← All research
Data Orchestration

Orchestration Is Not Just Scheduling

The mental model most engineers carry for workflow orchestration — "it's cron at scale" — is twenty years out of date. It was accurate for the generation of tools that preceded Airflow: tools that ran jobs on a schedule and flagged failures. It is not accurate for what production data and ML teams actually need from orchestration today.

The core insight that Prefect and the next generation of orchestration tools are built around is that production pipelines fail. Not occasionally. Regularly. External APIs rate-limit. Source databases have schema drift. Upstream jobs take longer than expected and violate timing assumptions. Models fail to load in serving environments because a dependency changed. A pipeline that doesn't assume failure as the default is a pipeline that requires manual intervention every week.

The three components of real orchestration

The first component is observability — the ability to understand what happened when a run finishes, succeeds, or fails. This is not a logging problem; it's a structured state problem. You need to be able to answer questions like: which tasks ran, which tasks were skipped, which failed, what did the failure look like, what inputs did the failing task receive, what was the state of the upstream data at failure time. Classical log-based observability answers some of these questions; task-level state management answers all of them.

The second component is recoverable failure. When a pipeline fails partway through, you need to be able to resume from the point of failure rather than rerun from scratch. This requires the orchestration system to maintain granular state about task completion, and to make task resumption semantically correct — which is harder than it sounds when tasks have side effects (writes to databases, calls to external APIs, model artifact creation).

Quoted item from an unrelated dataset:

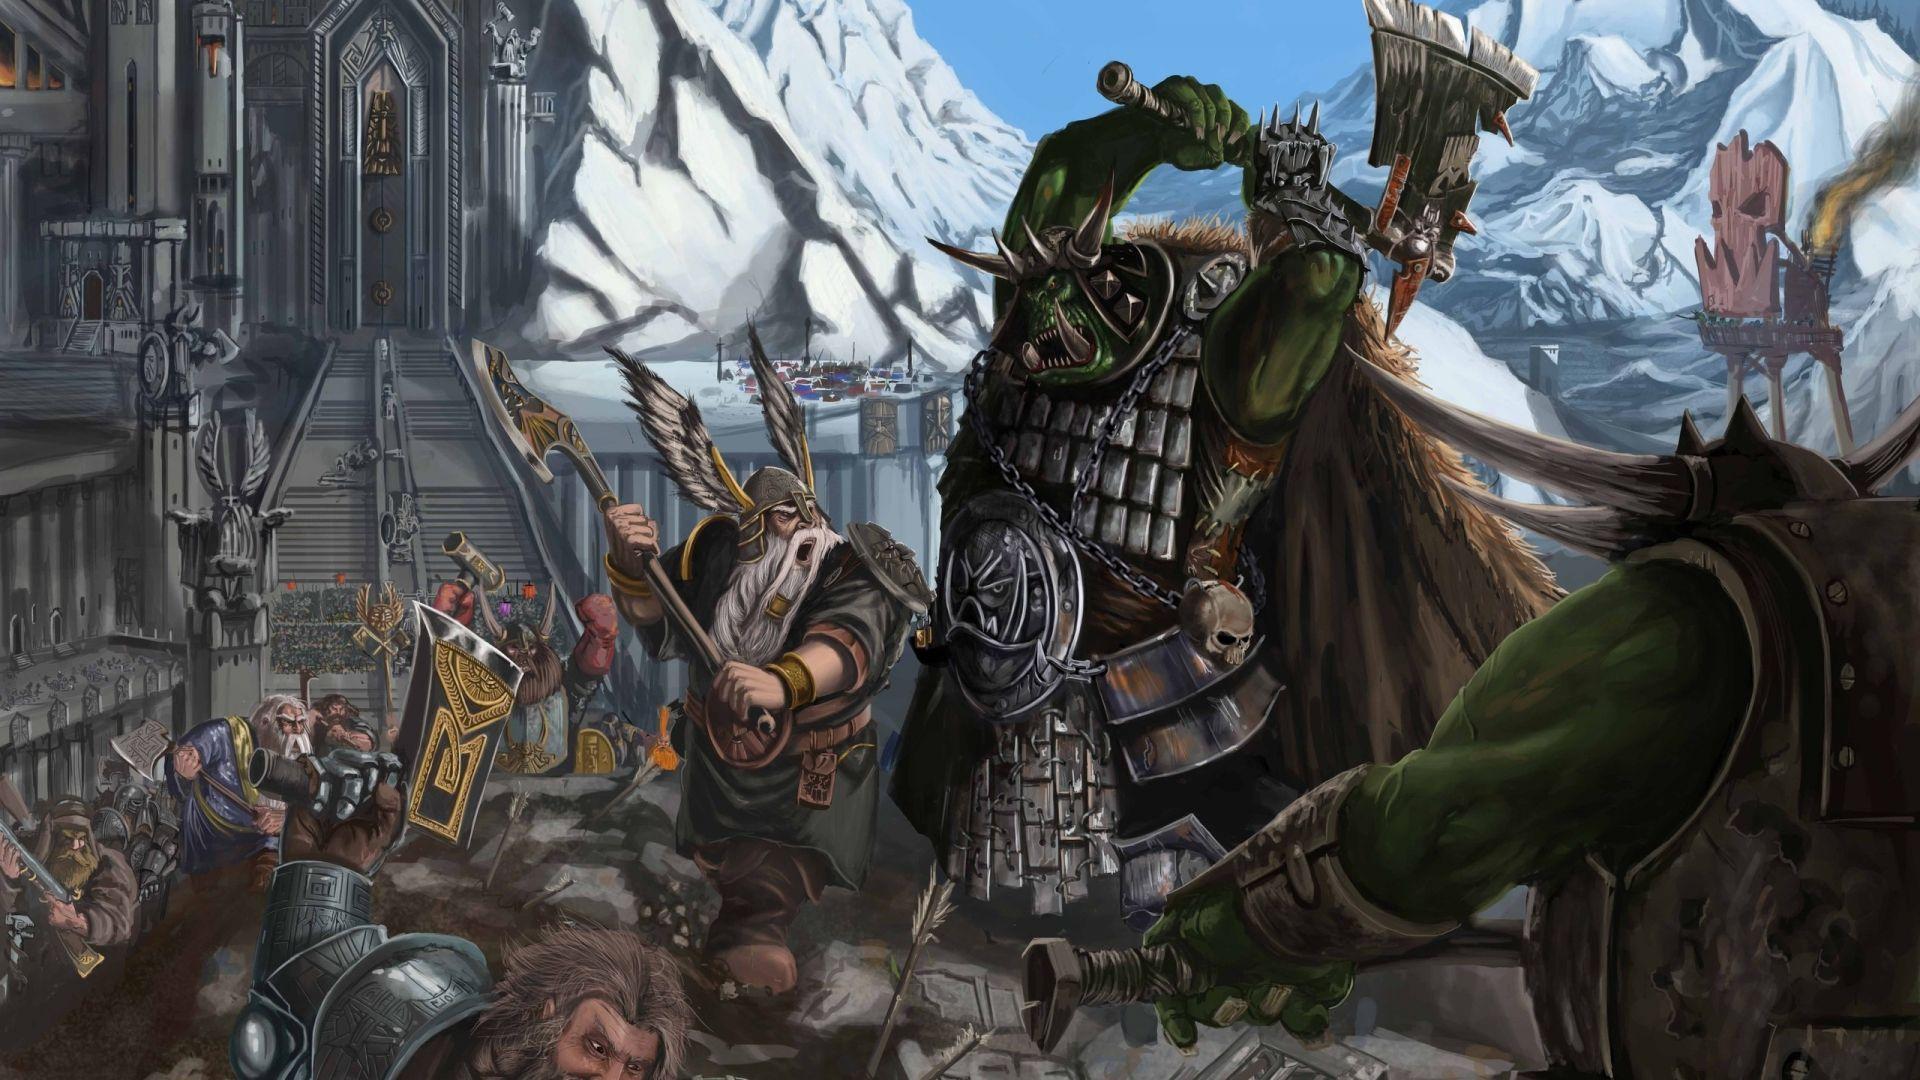 Warhammer Fantasy Wallpapers - Wallpaper Cave

The third component is dynamic task graphs. Real pipelines are not static DAGs that you define once and run indefinitely. The number of tasks, their inputs, and their dependencies change based on data conditions. A pipeline that processes variable numbers of input files, that spawns model training jobs based on data availability, that conditionally routes results to different sinks based on model output — all of these require a task graph that can be parameterized or constructed dynamically at runtime. Static DAG definitions can't express this without contortions.

Why Flintrock backed Prefect

We led Prefect's Seed in 2022 for two reasons that both come back to the "failure as default" design philosophy. First, Prefect's architecture made task-level state management a first-class primitive from the beginning — it wasn't retrofitted onto a scheduler. Second, the Prefect team had lived with production pipeline failures at Airflow scale and designed the API ergonomics around the debugging and recovery workflows that actually matter, not around the happy path.

The Python-native interface also mattered. Pipelines defined as Python functions rather than YAML configurations can be tested with standard Python testing tools, composed with standard Python abstractions, and debugged with standard Python debugging tools. This doesn't sound important until you've spent time debugging a complex Airflow DAG at two in the morning and realized that the gap between "this is a Python function" and "this is a YAML-configured operator" is enormous from a cognitive-load perspective.

Where orchestration is going

The next frontier for orchestration is LLM-native workflows — pipelines where some tasks are model calls, where task inputs and outputs are unstructured text, and where the branching logic depends on model output rather than structured data conditions. This requires a different design than data orchestration: you need to track not just whether a task succeeded but what the model said, you need to handle retries for probabilistic failures differently than deterministic ones, and you need to version prompt configurations alongside code. The orchestration tools that nail this surface for AI application development will have a large market.